Where can I get confirmation that Uber's uninsured motorist coverage covers me as well as my passengers? I've seen an Uber newsroom article that says this, but I'd like some official confirmation, such as a copy of the policy or something equally official.


----------



## SEAL Team 5 (Dec 19, 2015)

Flatlander46 said:


> Where can I get confirmation that Uber's uninsured motorist coverage covers me as well as my passengers? I've seen an Uber newsroom article that says this, but I'd like some official confirmation, such as a copy of the policy or something equally official.


You'll get confirmation when you need it. It will be an email confirming either that they might or might not cover your peril.


----------



## Flatlander46 (Nov 19, 2016)

SEAL Team 5 said:


> You'll get confirmation when you need it. It will be an email confirming either that they might or might not cover your peril.


Well, thanks, but I'd rather have it BEFORE I need it.


----------



## 60000_TaxiFares (Dec 3, 2015)

Flatlander46 said:


> Where can I get confirmation that Uber's uninsured motorist coverage covers me as well as my passengers? I've seen an Uber newsroom article that says this, but I'd like some official confirmation, such as a copy of the policy or something equally official.


Good luck with that. Perhaps read the James River Policy but that varies by state.

Was in an accident long time ago in a taxi with commercial policy. Turned out that in Ohio it is illegal to write and uninsured/underinsured motorist or perhaps a vehicle policy at all that doesn't cover the driver.

This may vary by state. Found out from phone call to state insurance board back then.

Theoretically then, if this is still the case, in stage II and III one is covered under the underinsured motorist provisions Uber-James River detail in Ohio. Once again, your state may or may not vary.

Of course, you have found out if your personal vehicle insurance *will not drop you* for TNC rideshare yes?

In addition *have TNC endorsement* from the few companies in most states (if any) that write them, Yes? Some endorsements extend your personal uninsured /underinsured motorist coverage to rideshare in stage 1 and 2.

In many , if not all* underinsured motorist policies your personal auto *covers you as a *pedestrian*, or while *riding in another vehicle*. Perhaps *while driving another vehicle also*. Whether it covers you while employed by self or others driving may depend on state or policy details.
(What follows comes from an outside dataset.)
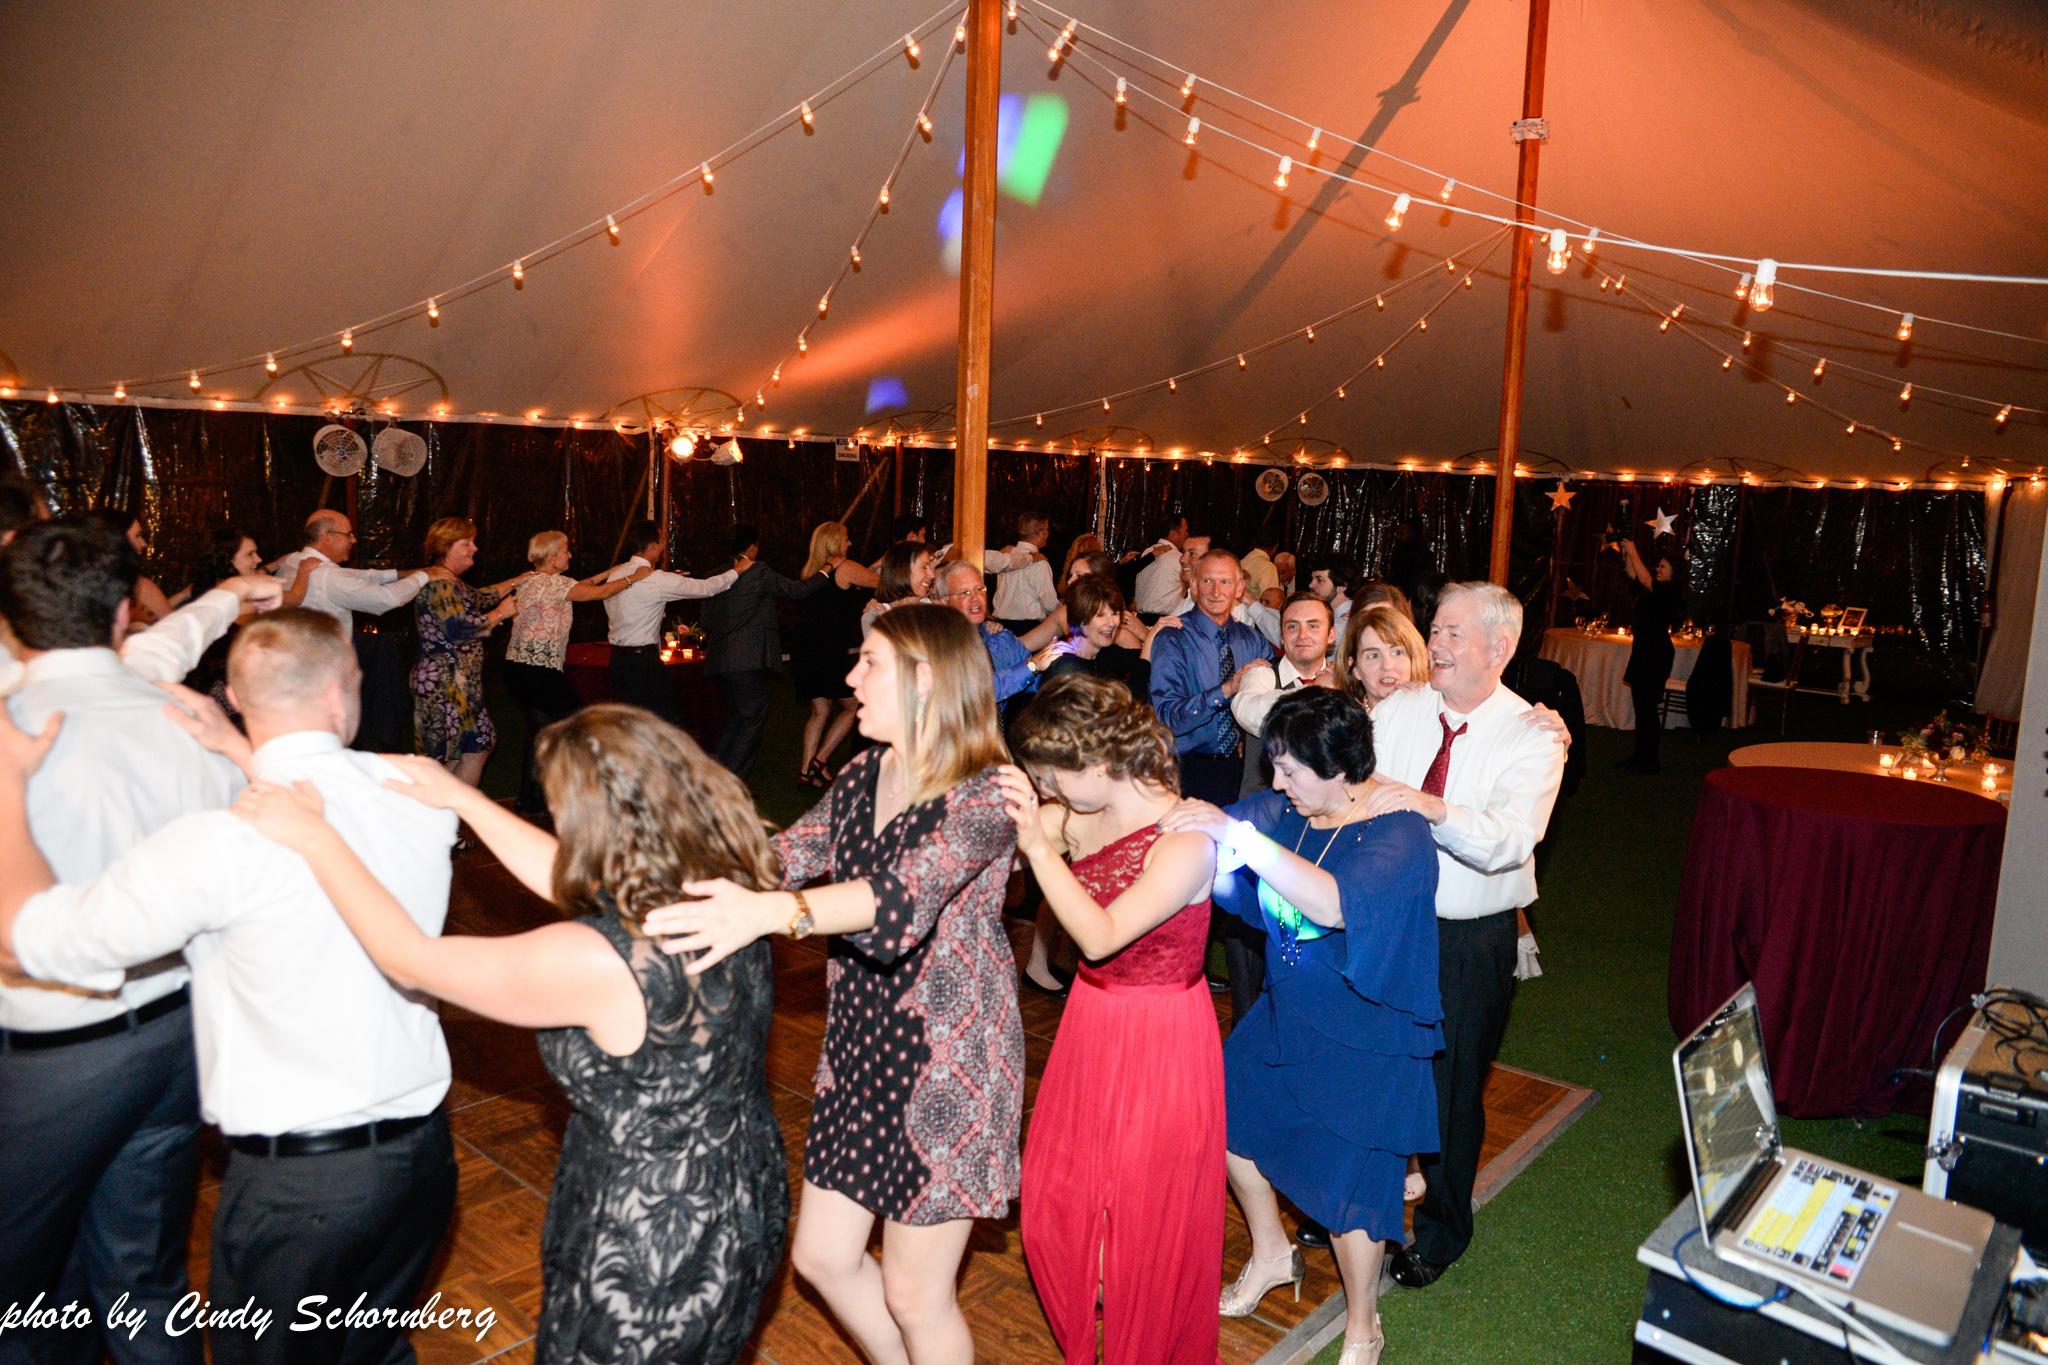 vineyard_weddings_Charlottesville_Virginia_016.jpg
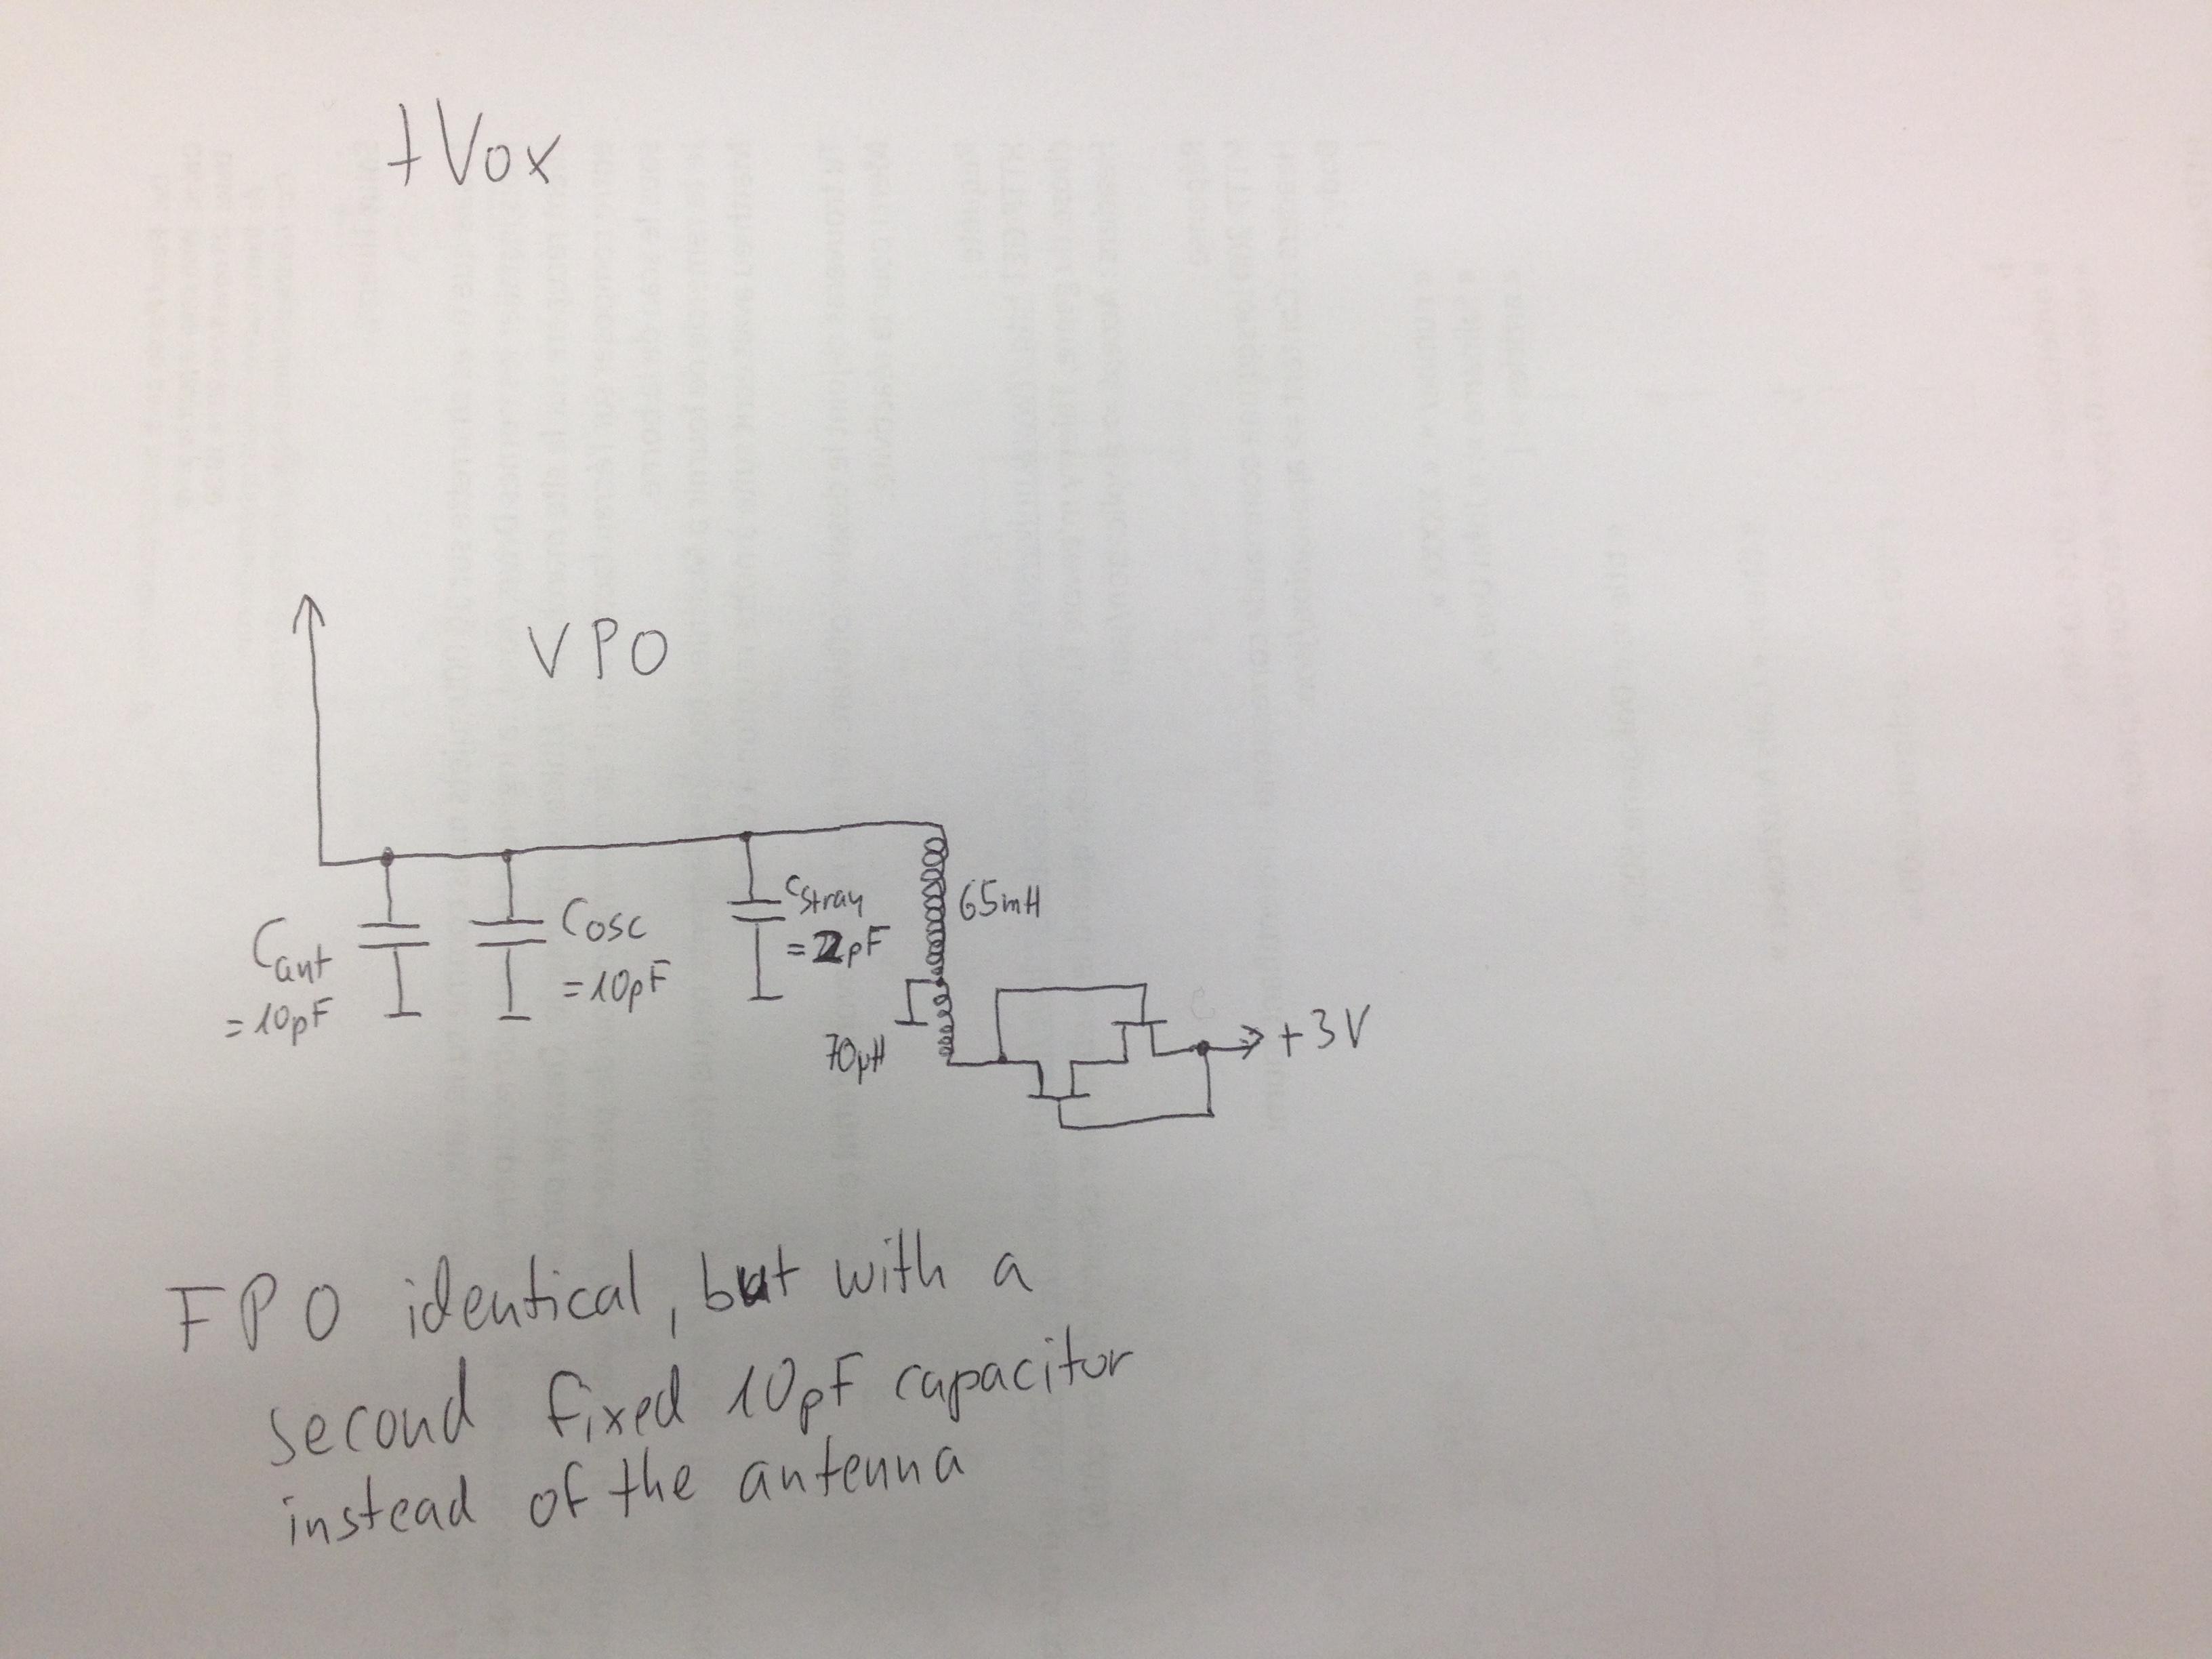 tVox VPO

Mine *covered me while driving a cab* which may vary by state or individual policy. In my case close reading of the policy showed that coverage while employed (self). This may have been specific to that personal auto policy from Progressive at that time, or common to many or all in the state of Ohio.

*Uber is so helpful* with *minor issues such as insurance*.... You get to find out about it from places like this as grades schoolers learn about the birds and bees.

Actually, *you ask too many questions*. Especially insurance. _Just sign up and shut up_ and start collecting $1.65 tips from each fare for the management.

Stay Safe

CC


----------